It's a Mad, Mad, Mad, Small, Small, Small Typewriter World

This is the image, sent from Vienna, that greeted me at 7am today, as I rose foggy headed on a foggy morning and checked my emails. It's my great friend and fellow Typospherian Georg Sommeregger, who presumably is getting his head around the prospect of coming Down Under.
I say my 'great friend' in spite of the fact that we've never met, at least not in person. The closest we've come to meeting was a Skype conversation when Georg organised a Type-In for Canberra Typospherian Jasper Lindell to attend while Jasper was on a student exchange trip to Germany.
All of which - Georg letting the blood go to his head over thoughts of visiting Australia, going to the trouble to make Jasper fell at home among Typospherians in Europe, and planning a surprise for Jasper by arranging a Skype link-up with me - reinforces yet again what great people Typospherians are and what a great place the Typosphere is.
Blogging on typewriters is amazing in the way it puts people from all parts of the globe in touch with one another, invariably in a friendly and helpful way.

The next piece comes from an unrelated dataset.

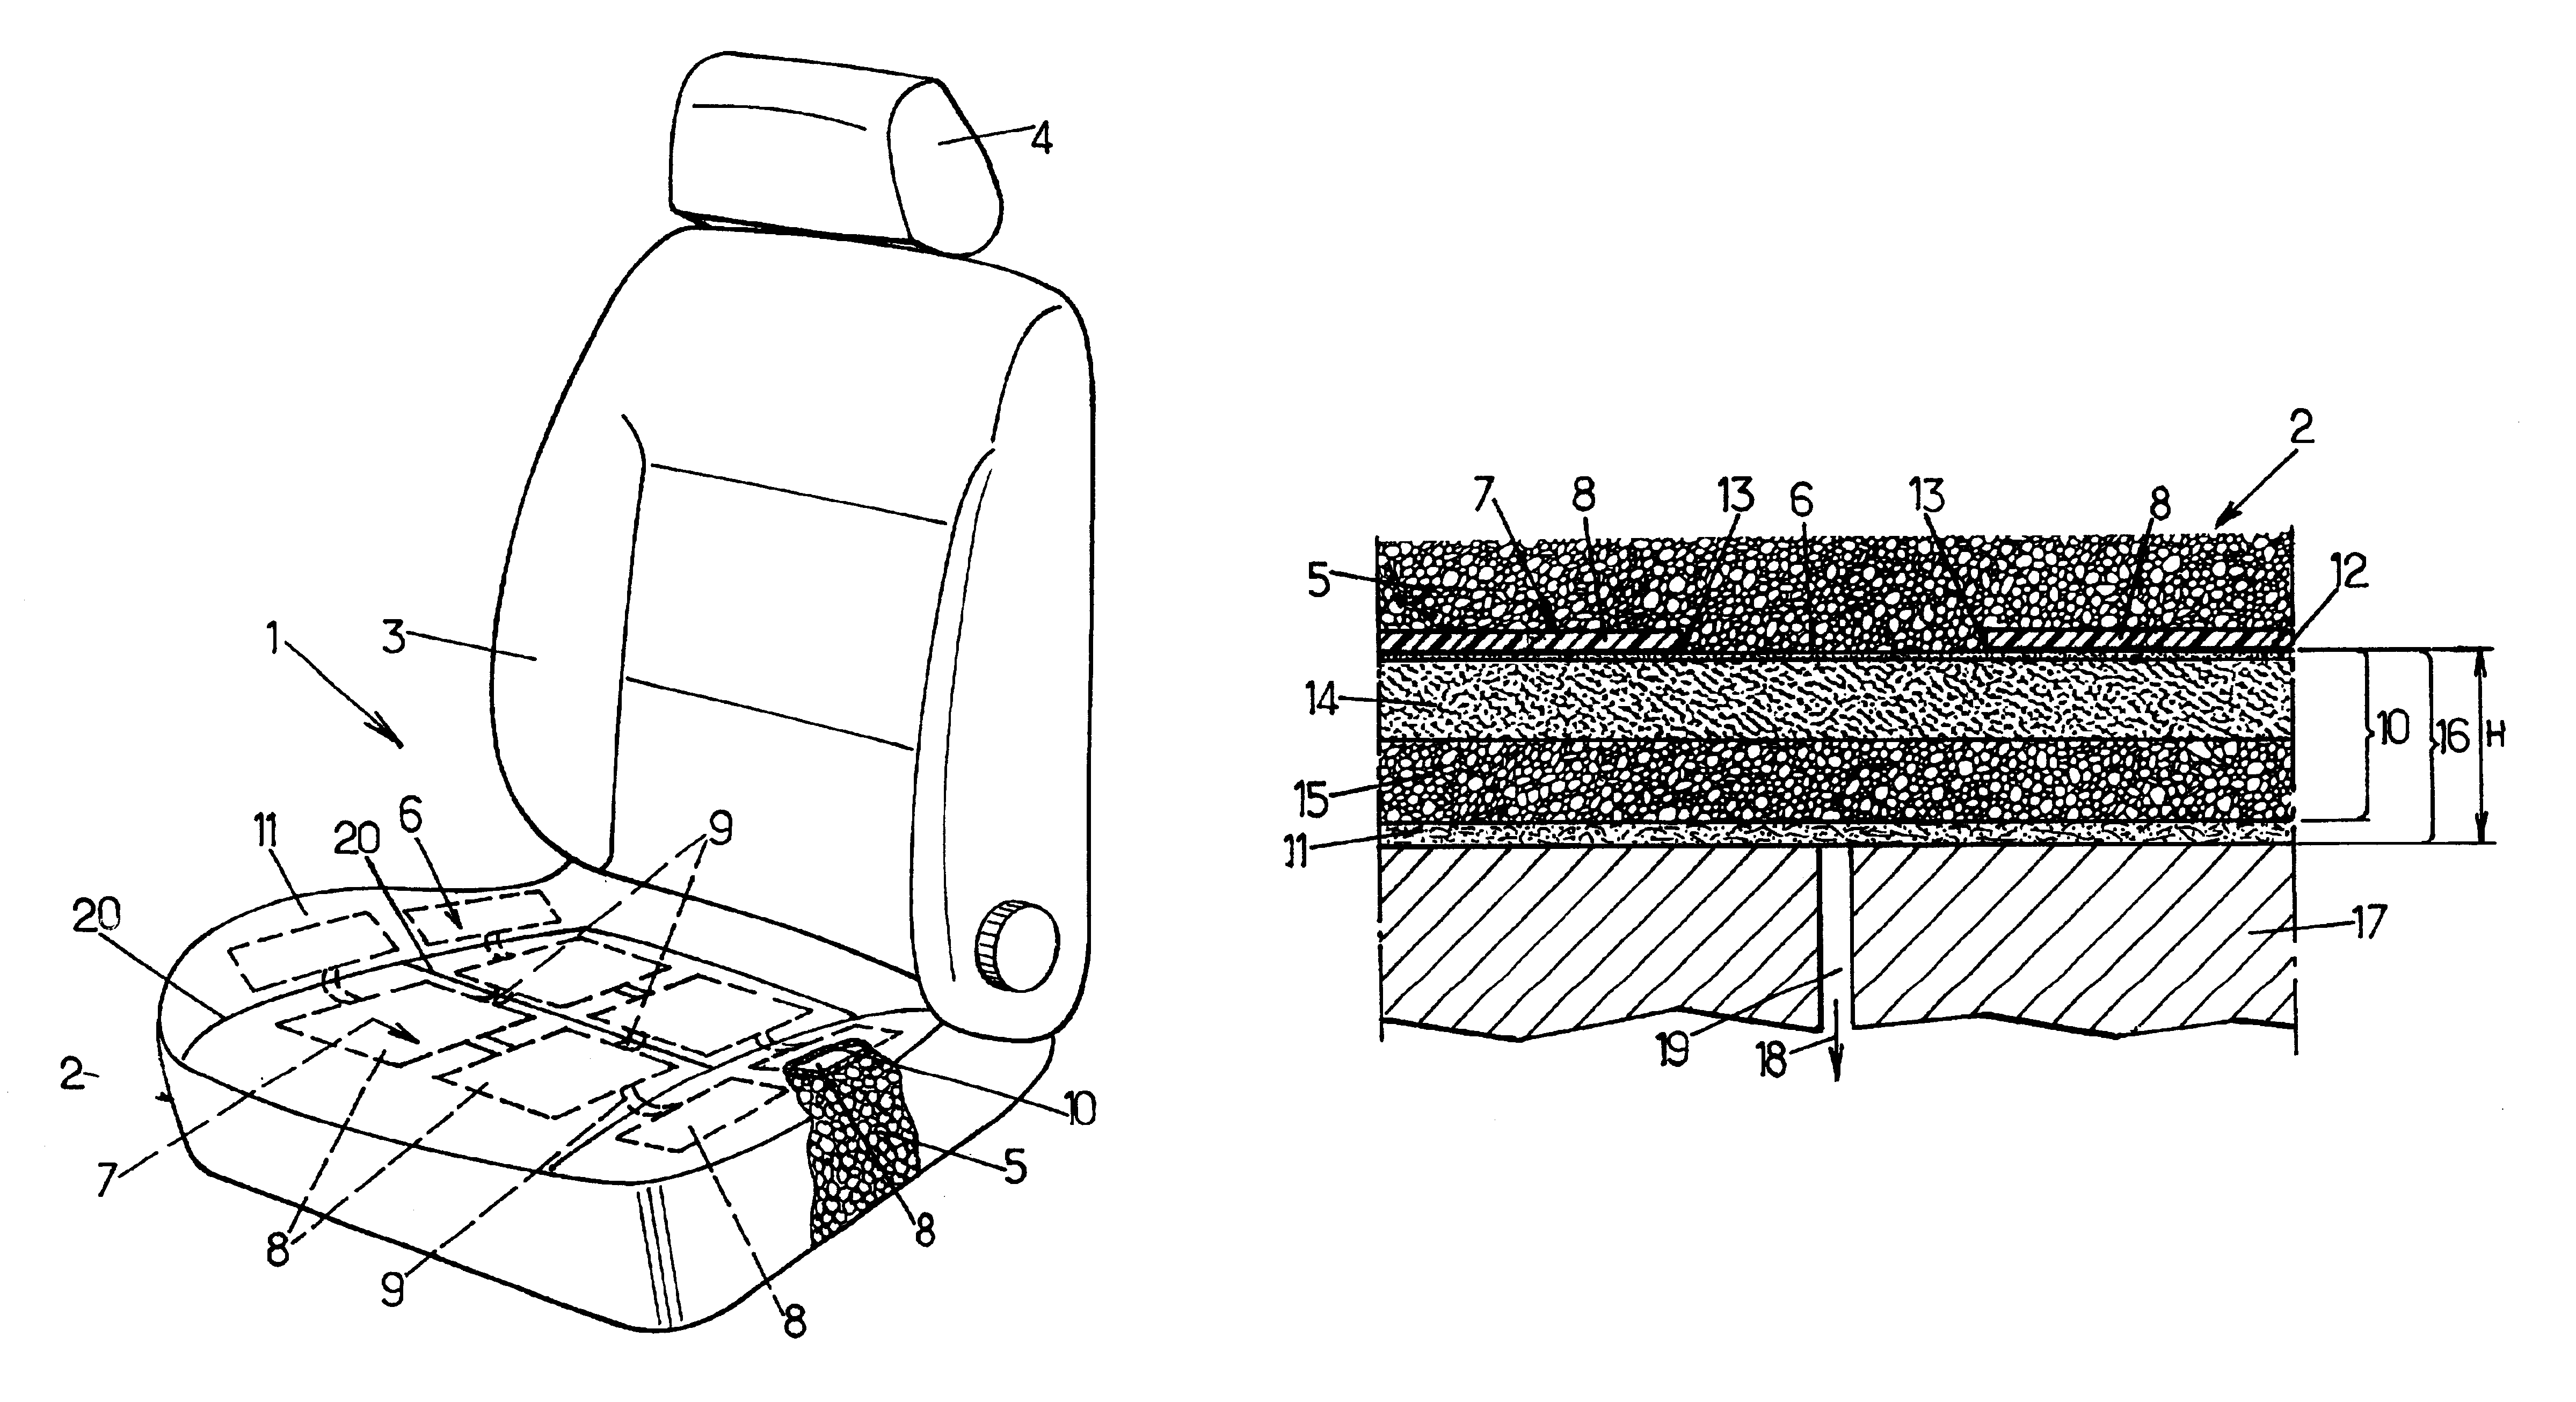 Padded element for a vehicle, and a method of manufacturing it

Georg is writing a book on the Hermes Baby, and in the past few weeks he and I have been allowed access to mountains of previously untapped information about the deal that was struck between Paillard in Yverdon, Switzerland, and Bill Mawle in England to make the Hermes model as the Baby Empire in West Bromwich. It came about through me making contact with two of Mawles' grandchildren, Guy Mawle in Wales and Vanessa Goldie-Scot in Sydney, Australia. Vanessa found me through this blog. Both grandchildren have been exceedingly generous in digging out Bill Mawle documents, scanning them and sending them on for all Typospherians to share.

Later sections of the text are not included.